▶ What the task requires: Take the line that contains "ESL Tutor Cover Letter Template" and each one after it through the last line below, and retype them exactly. Leave out the pictures.

▶ Given data:
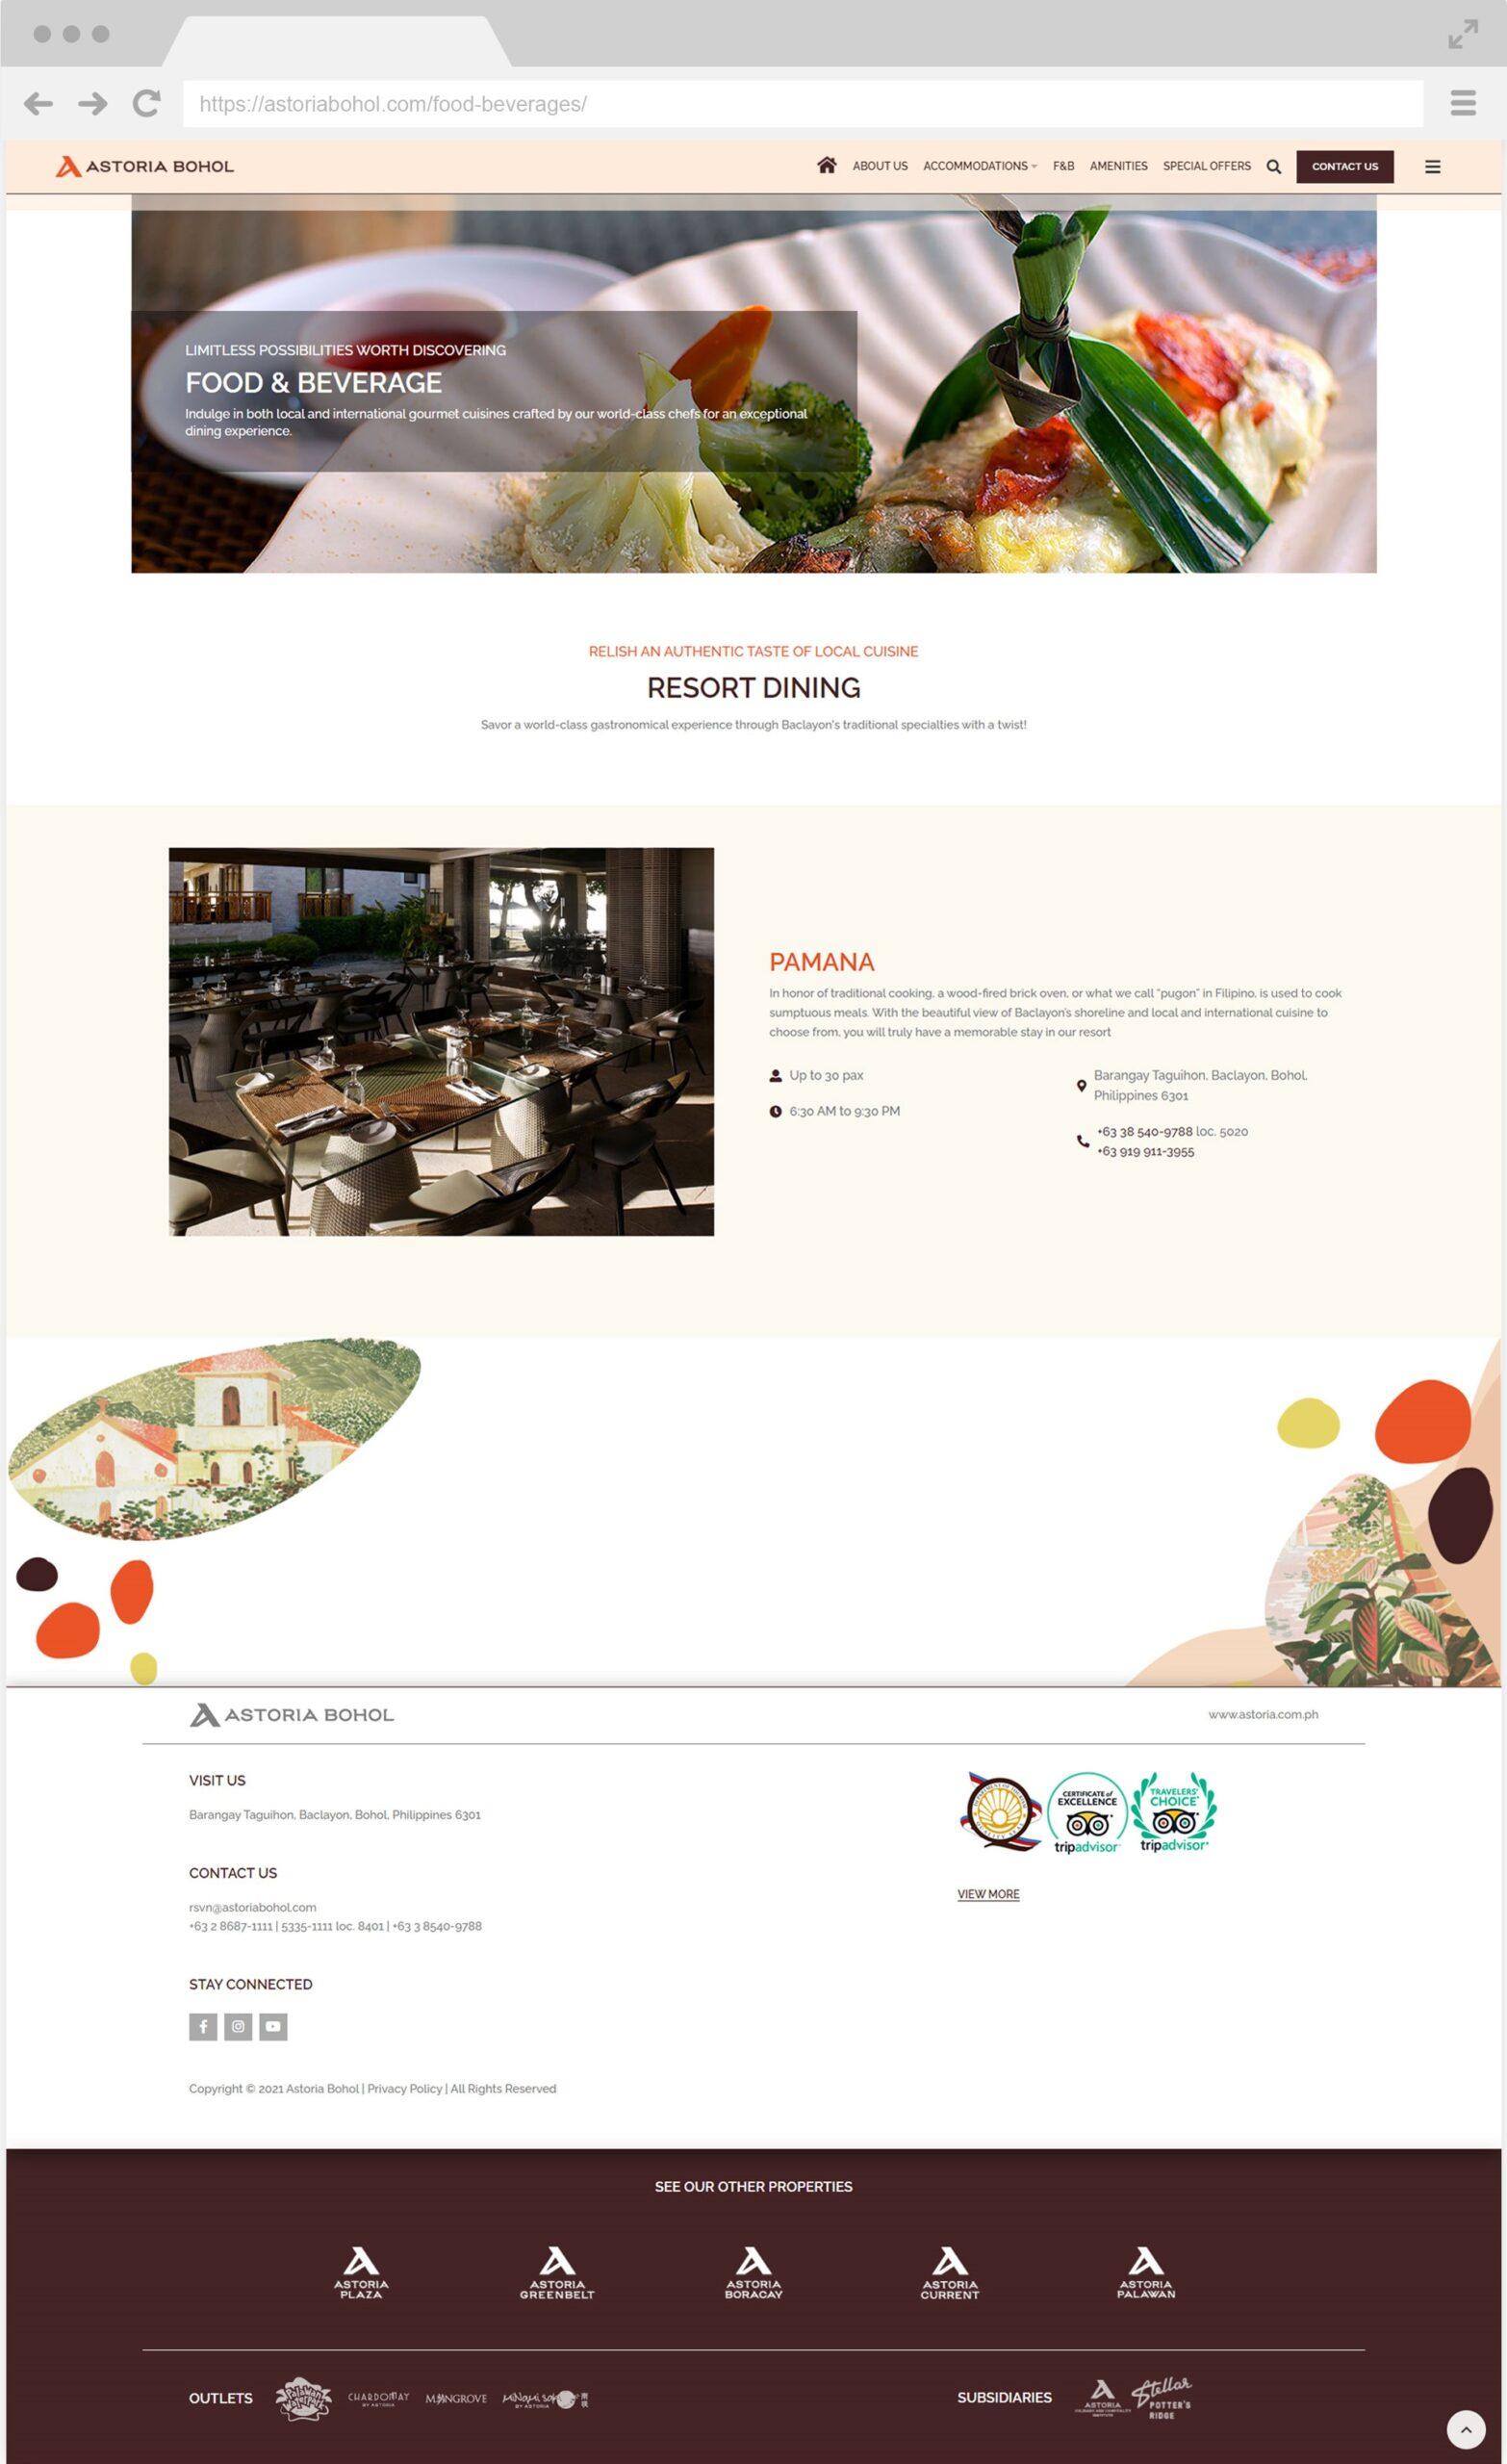 Astoria Bohol Food and Beverages
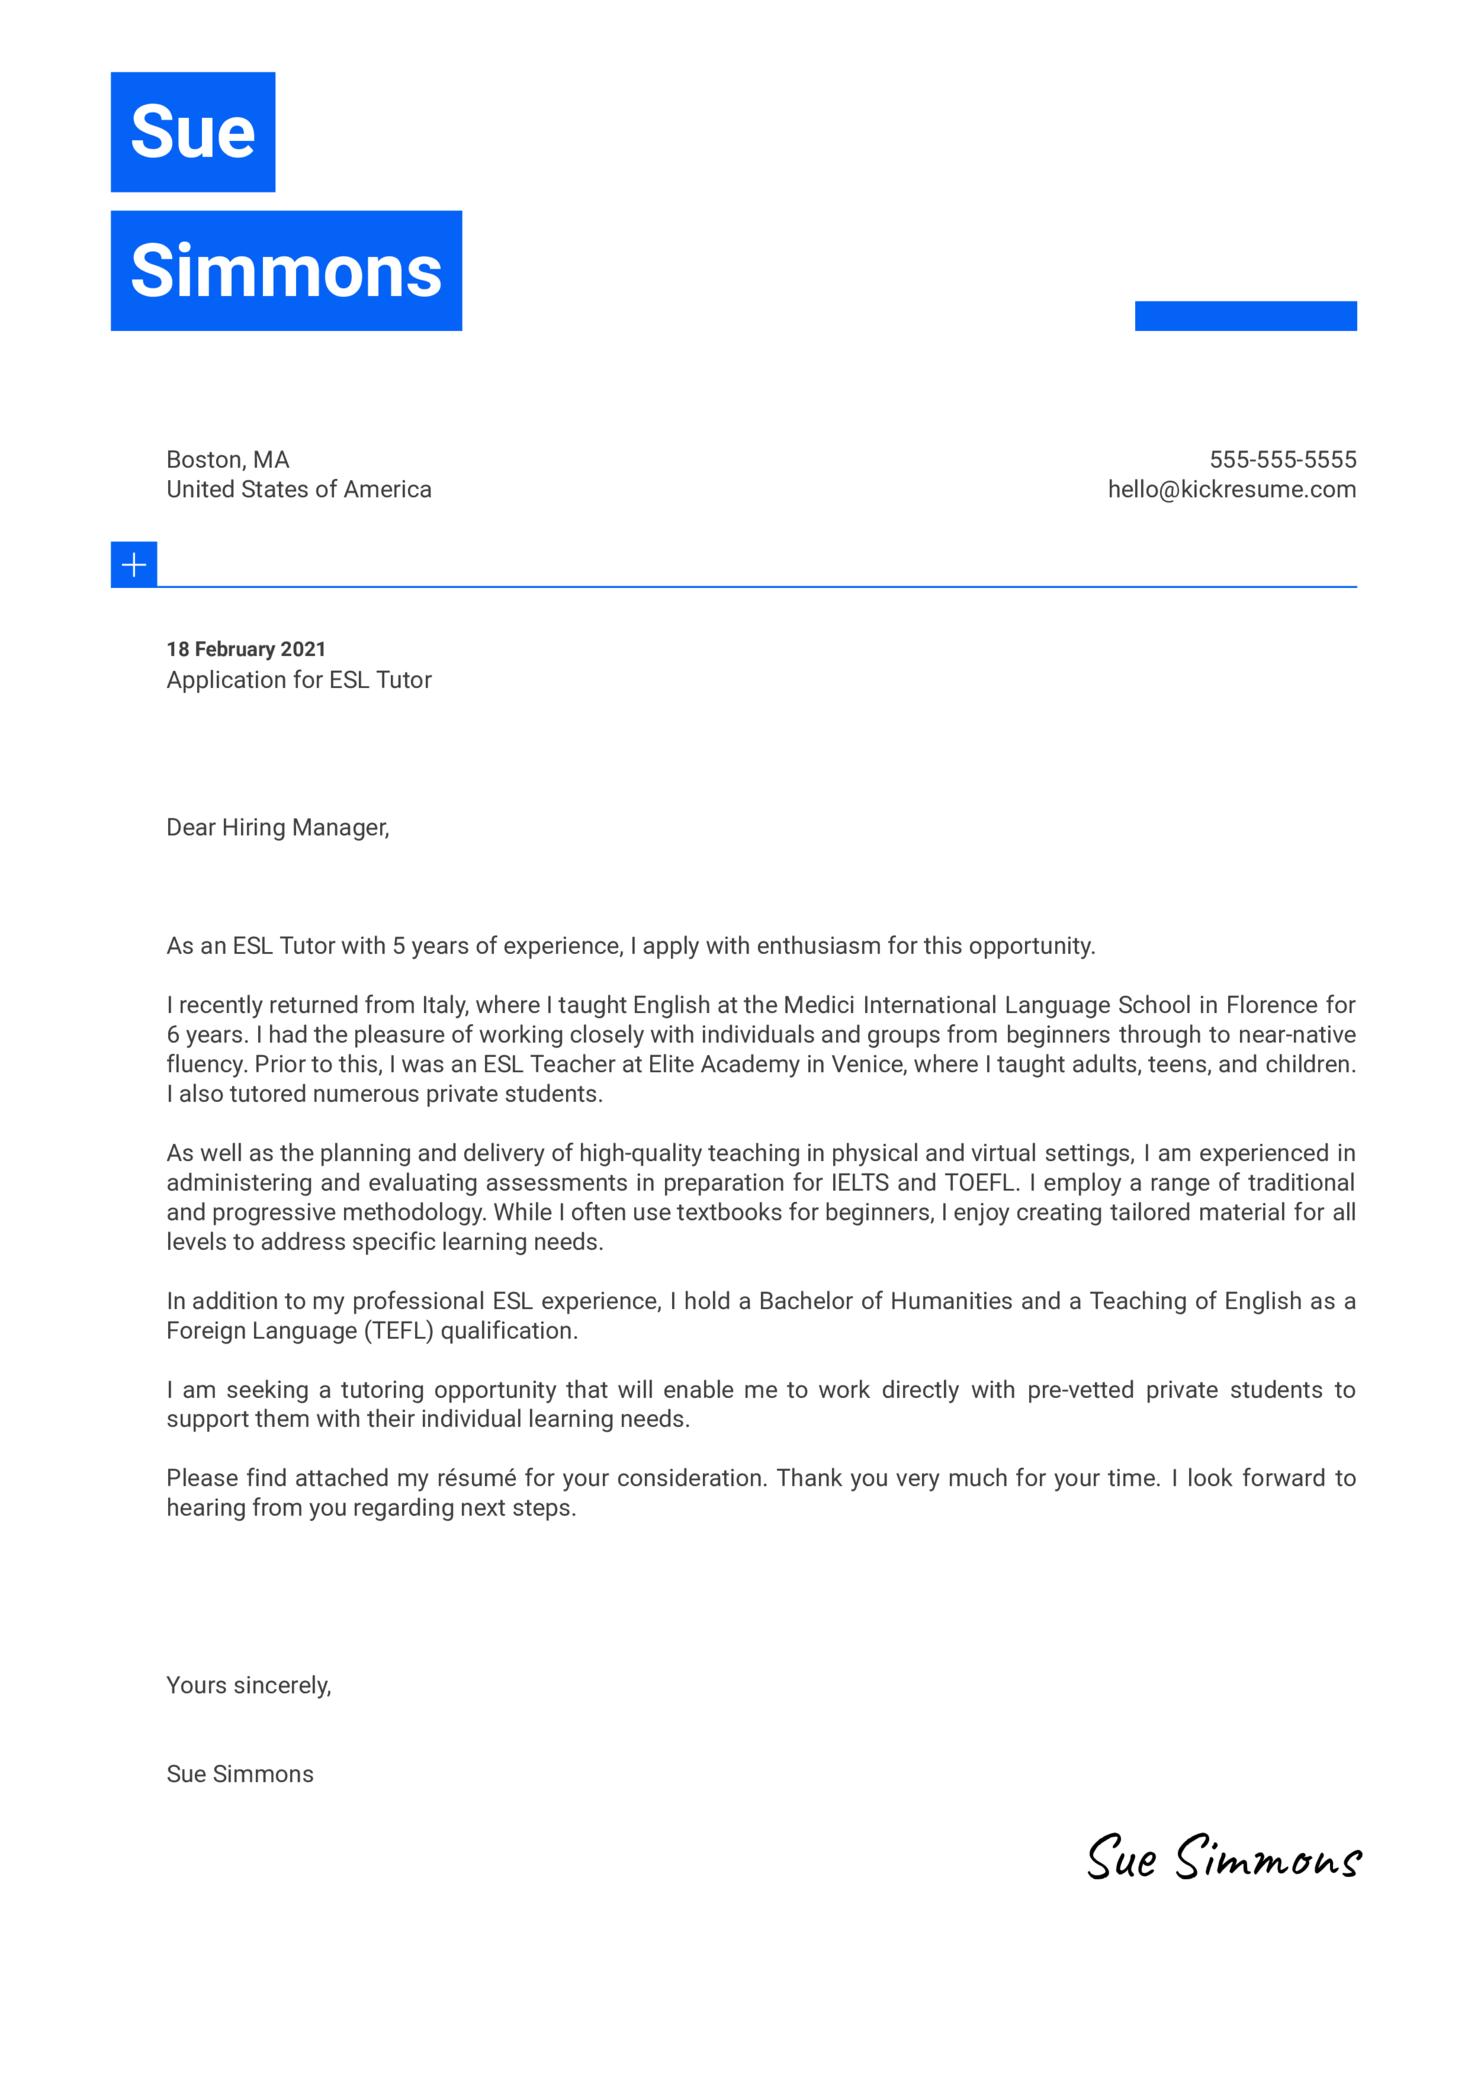 ESL Tutor Cover Letter Template
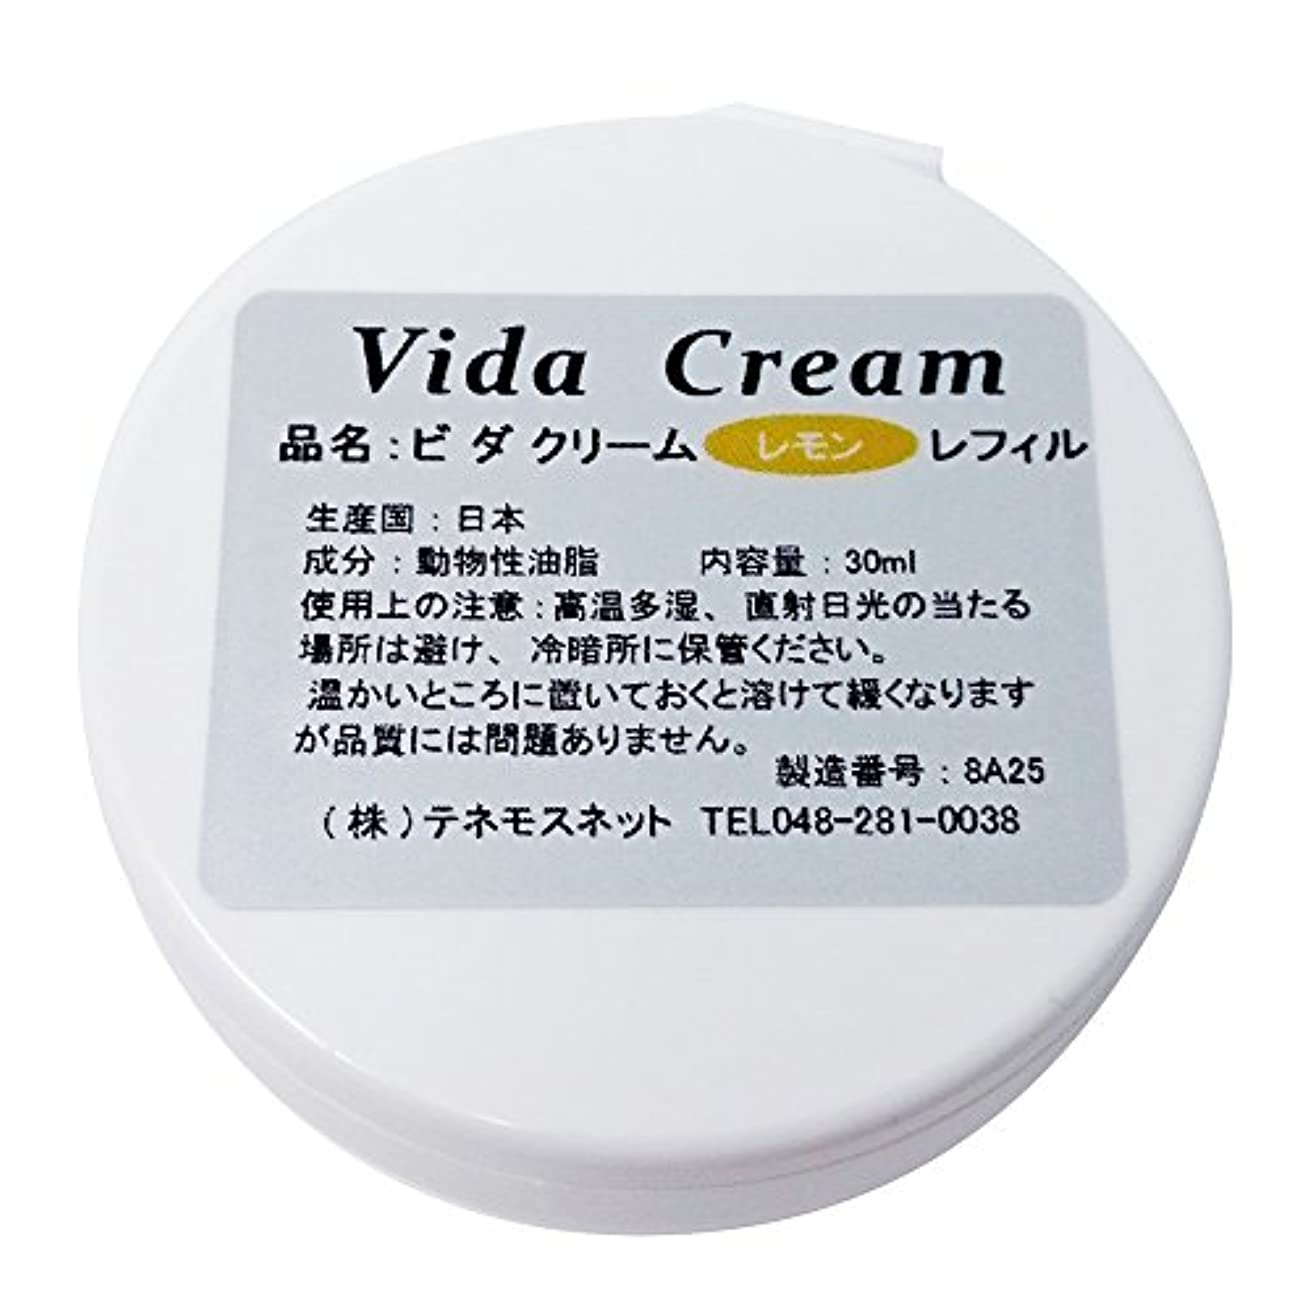 月曜日不一致ワーディアンケーステネモス ビダクリーム Vida Cream ほのかレモン レフィル 付替用 30ml

▶ Solution to the problem:
 ESL Tutor Cover Letter Template
 月曜日不一致ワーディアンケーステネモス ビダクリーム Vida Cream ほのかレモン レフィル 付替用 30ml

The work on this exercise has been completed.